EXERCISE AIM: Omit the images and output every line of the data below exactly.

SOURCE MATERIAL:

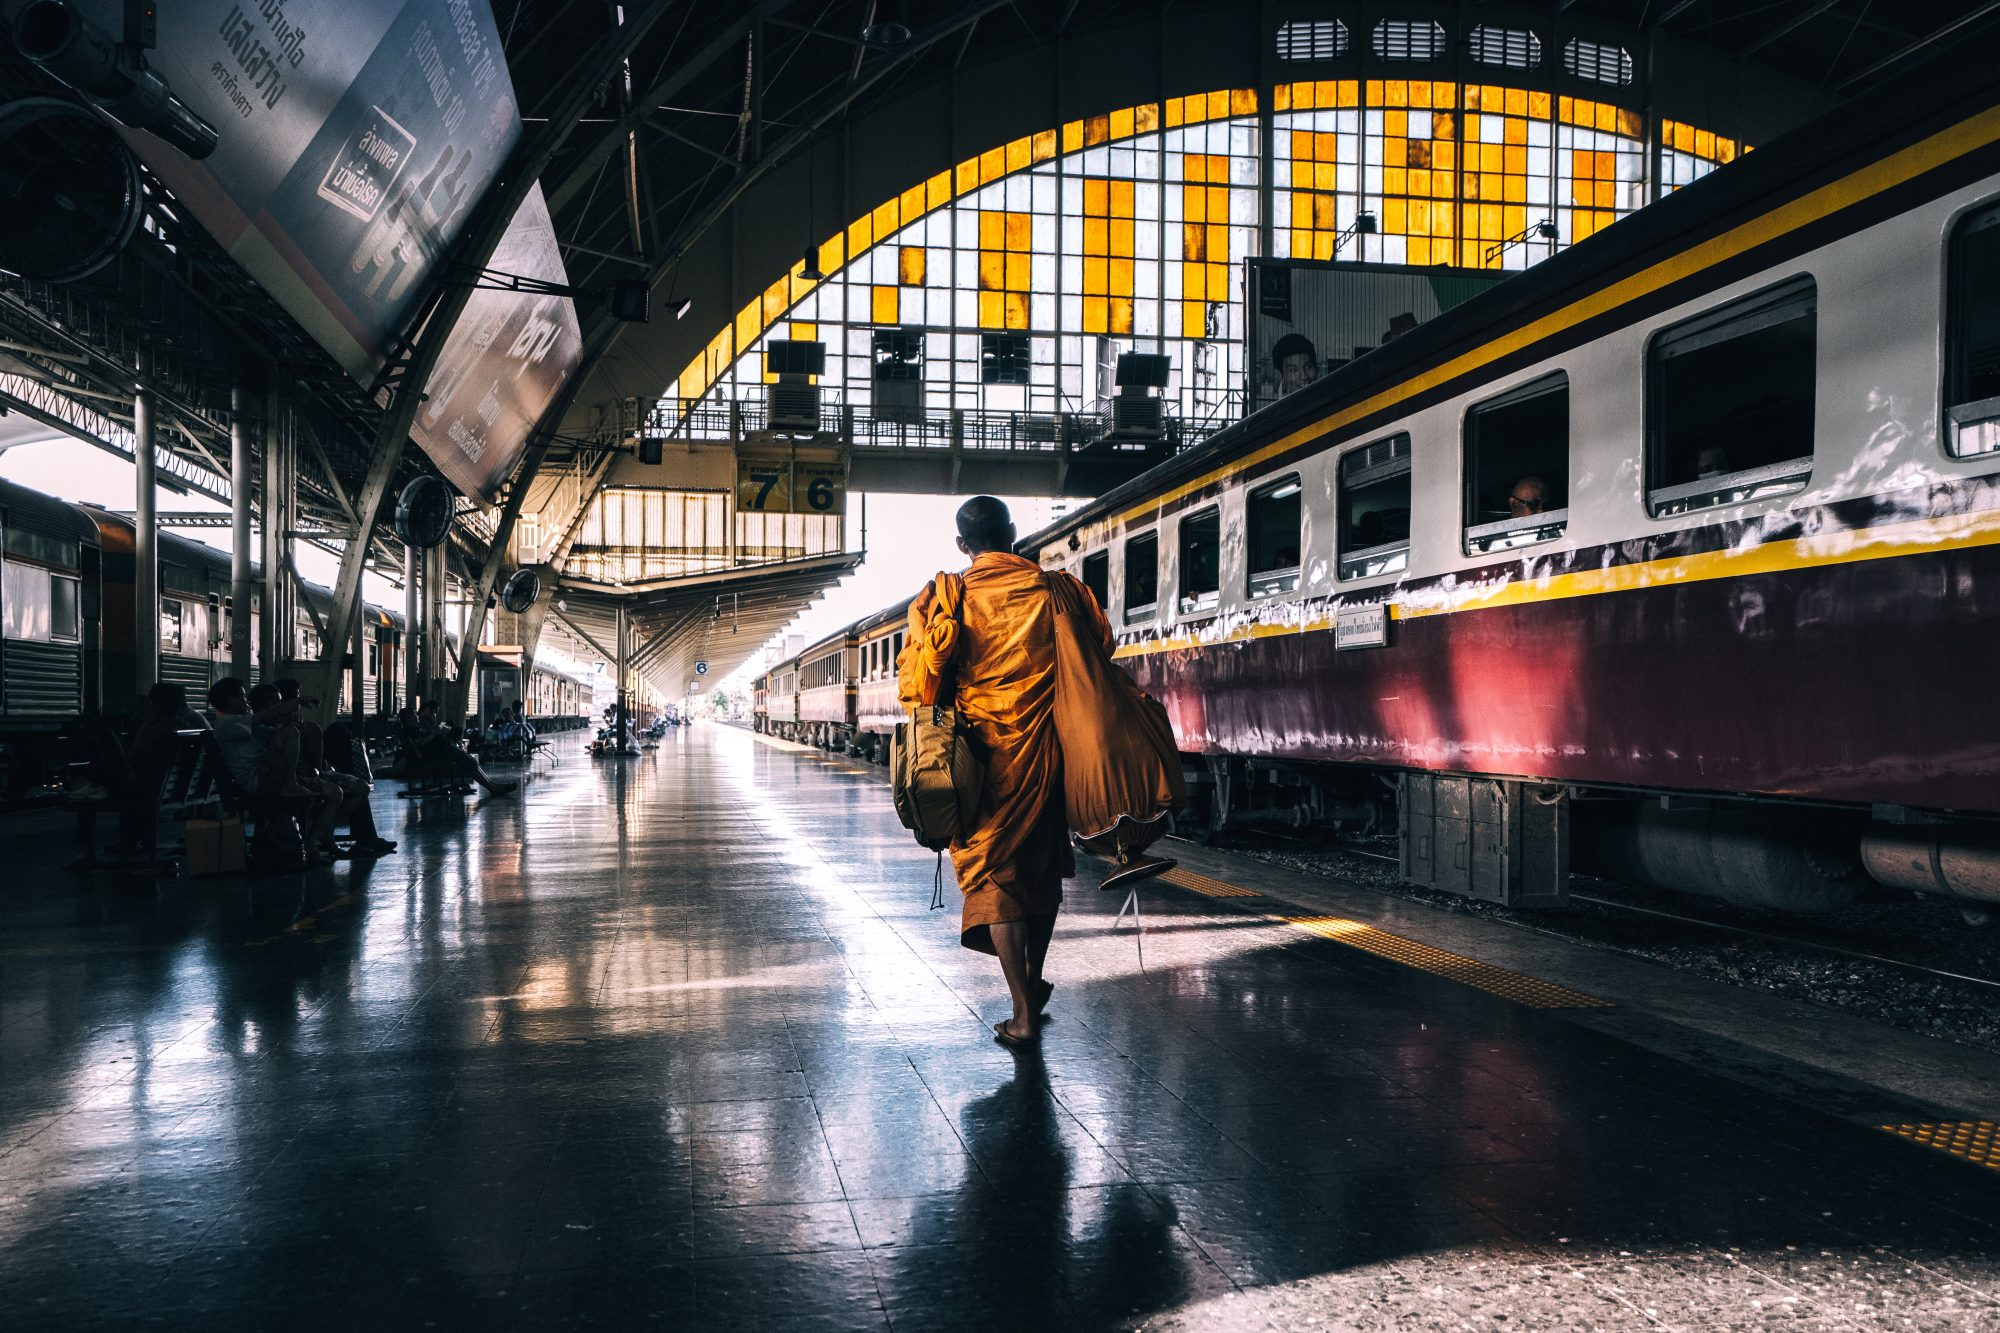 Monk walking on train station platform in Bangkok Thailand on SelfishMe Travel LLC
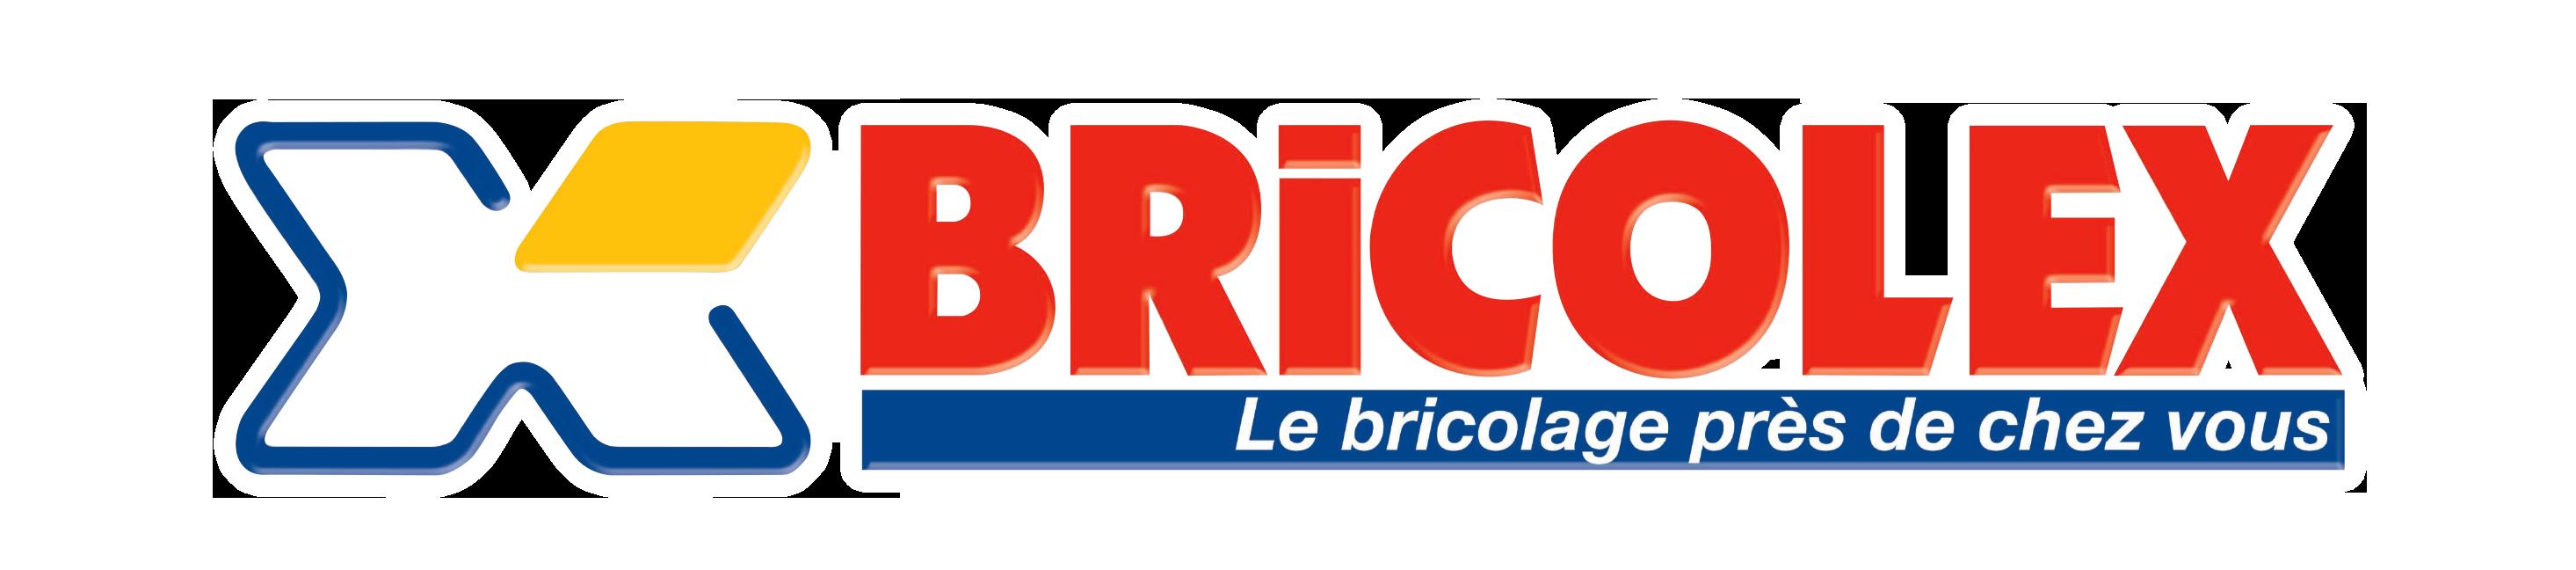 Bricolex quincaillerie (détail)
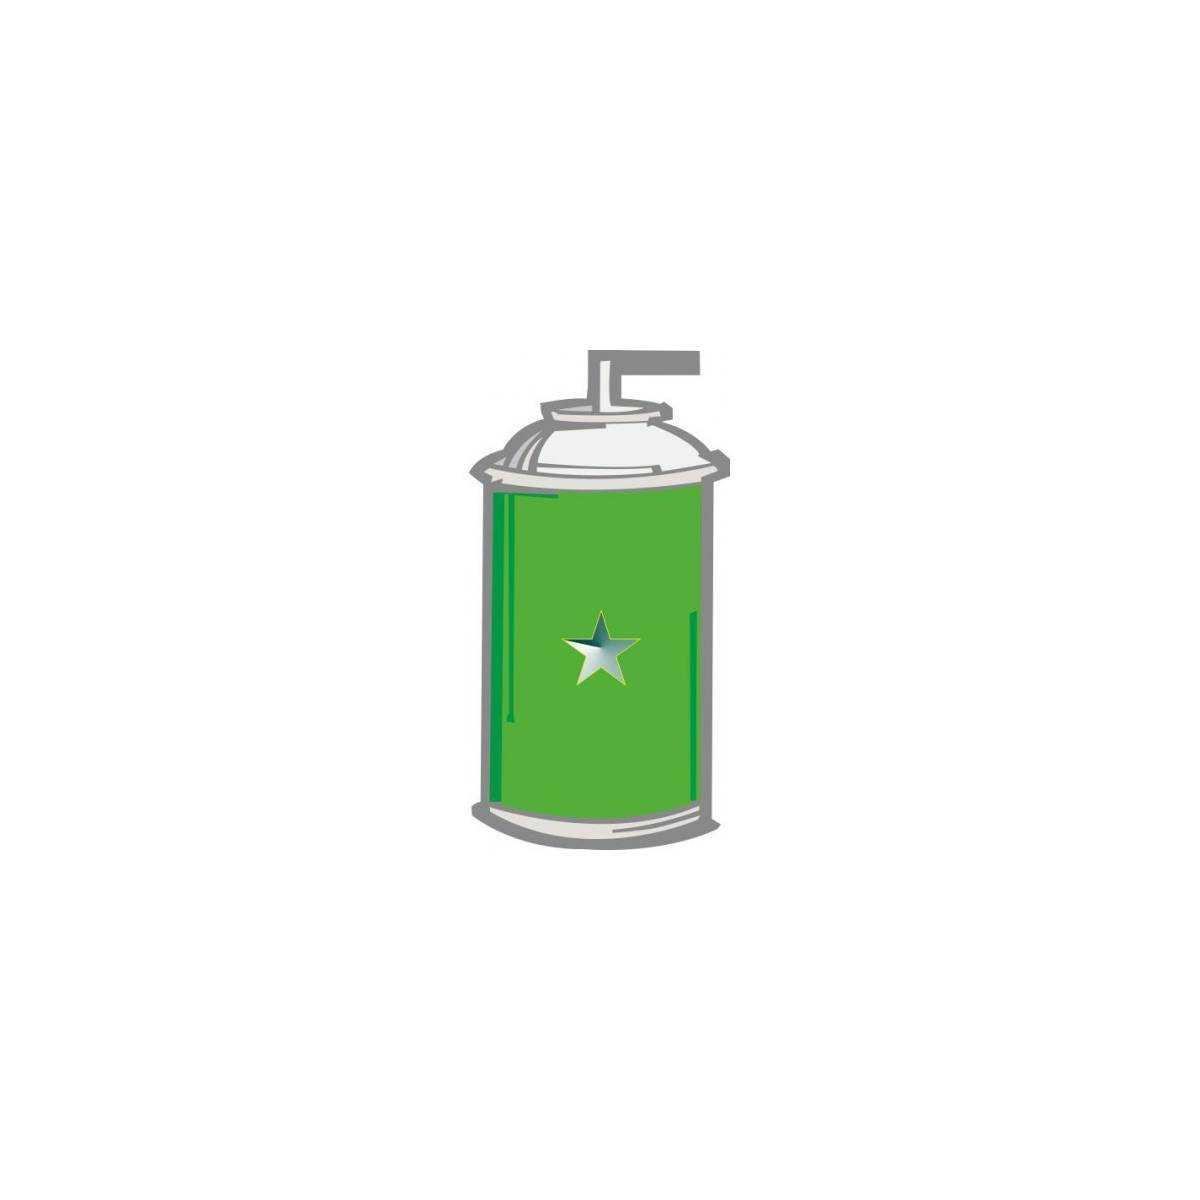 Аэрозольный баллончик 250мл, Греция (LEMONGRASS) 12-04-0028 Атма
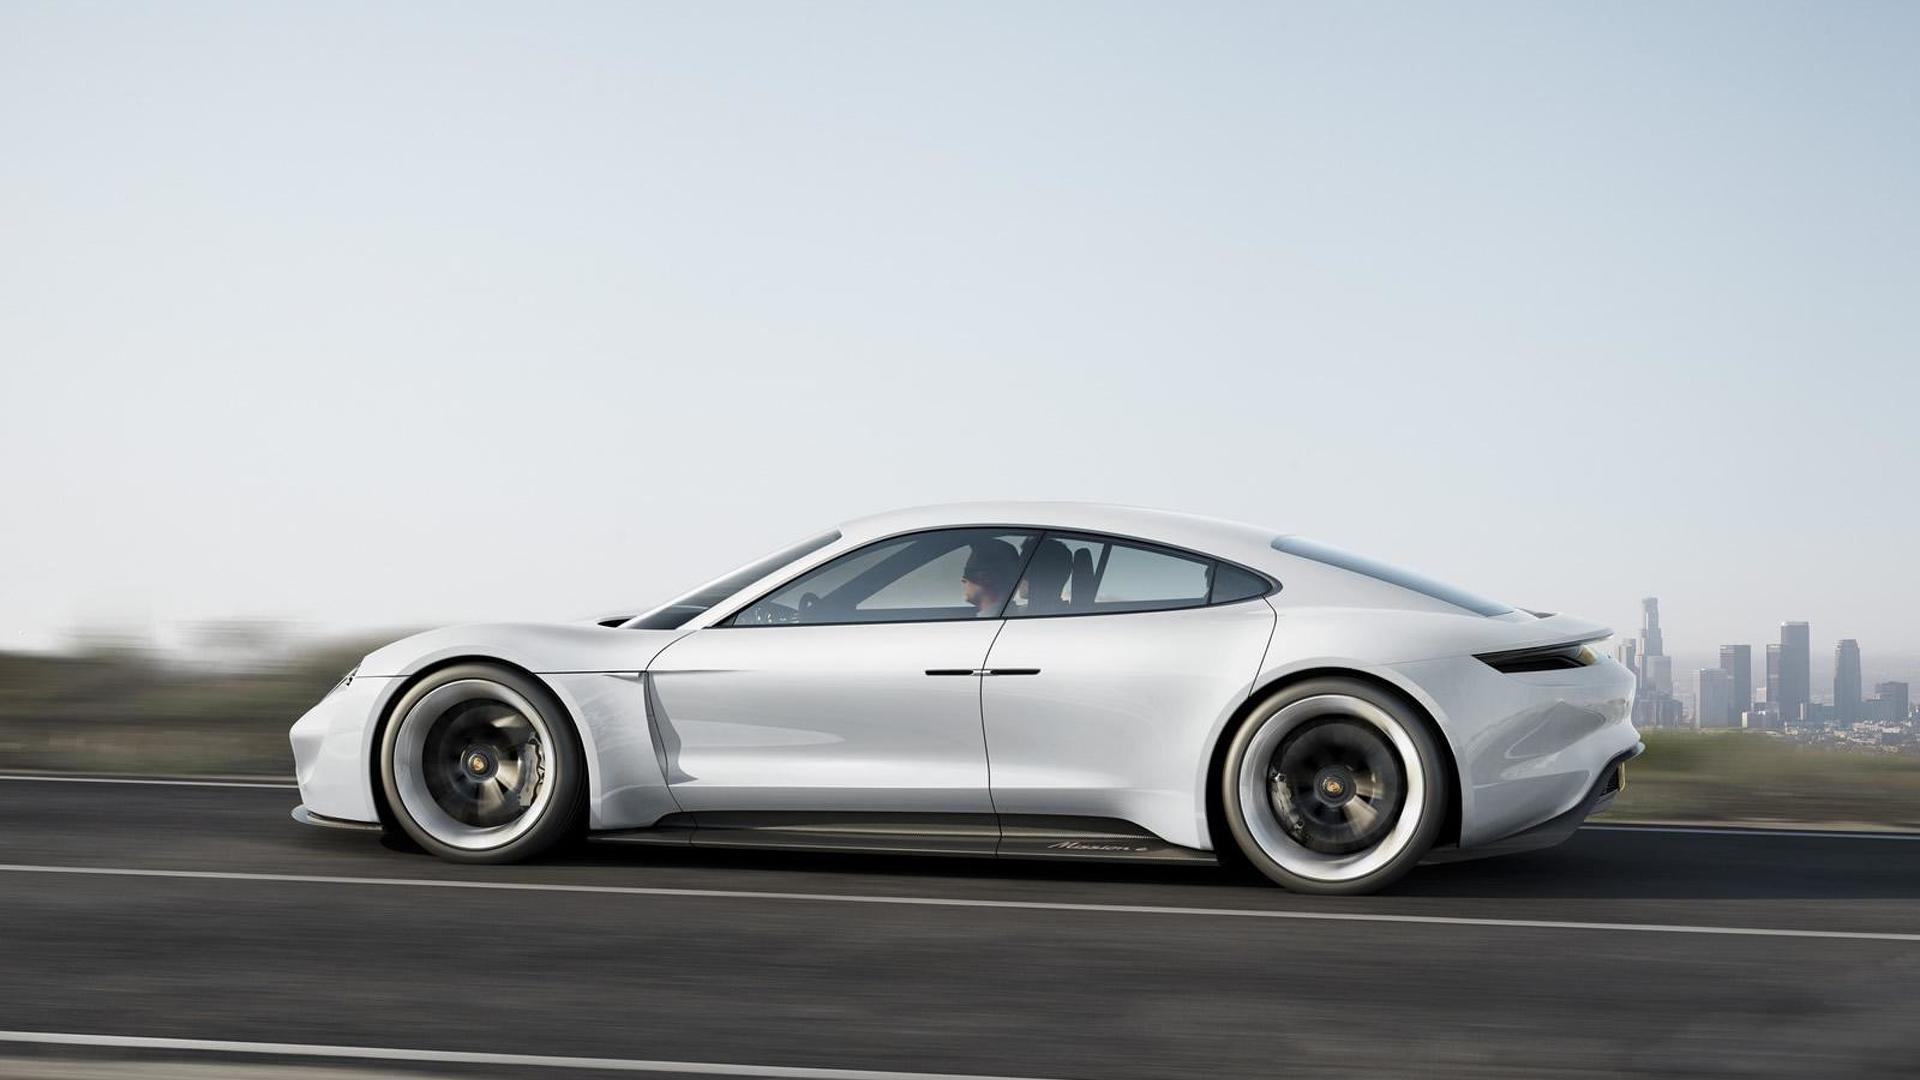 Porsche throws shade at Tesla, calls Ludicrous Mode a 'facade'

EXERCISE RESPONSE:
 Monk walking on train station platform in Bangkok Thailand on SelfishMe Travel LLC
 Bricolex quincaillerie (détail)
 Аэрозольный баллончик 250мл, Греция (LEMONGRASS) 12-04-0028 Атма
 Porsche throws shade at Tesla, calls Ludicrous Mode a 'facade'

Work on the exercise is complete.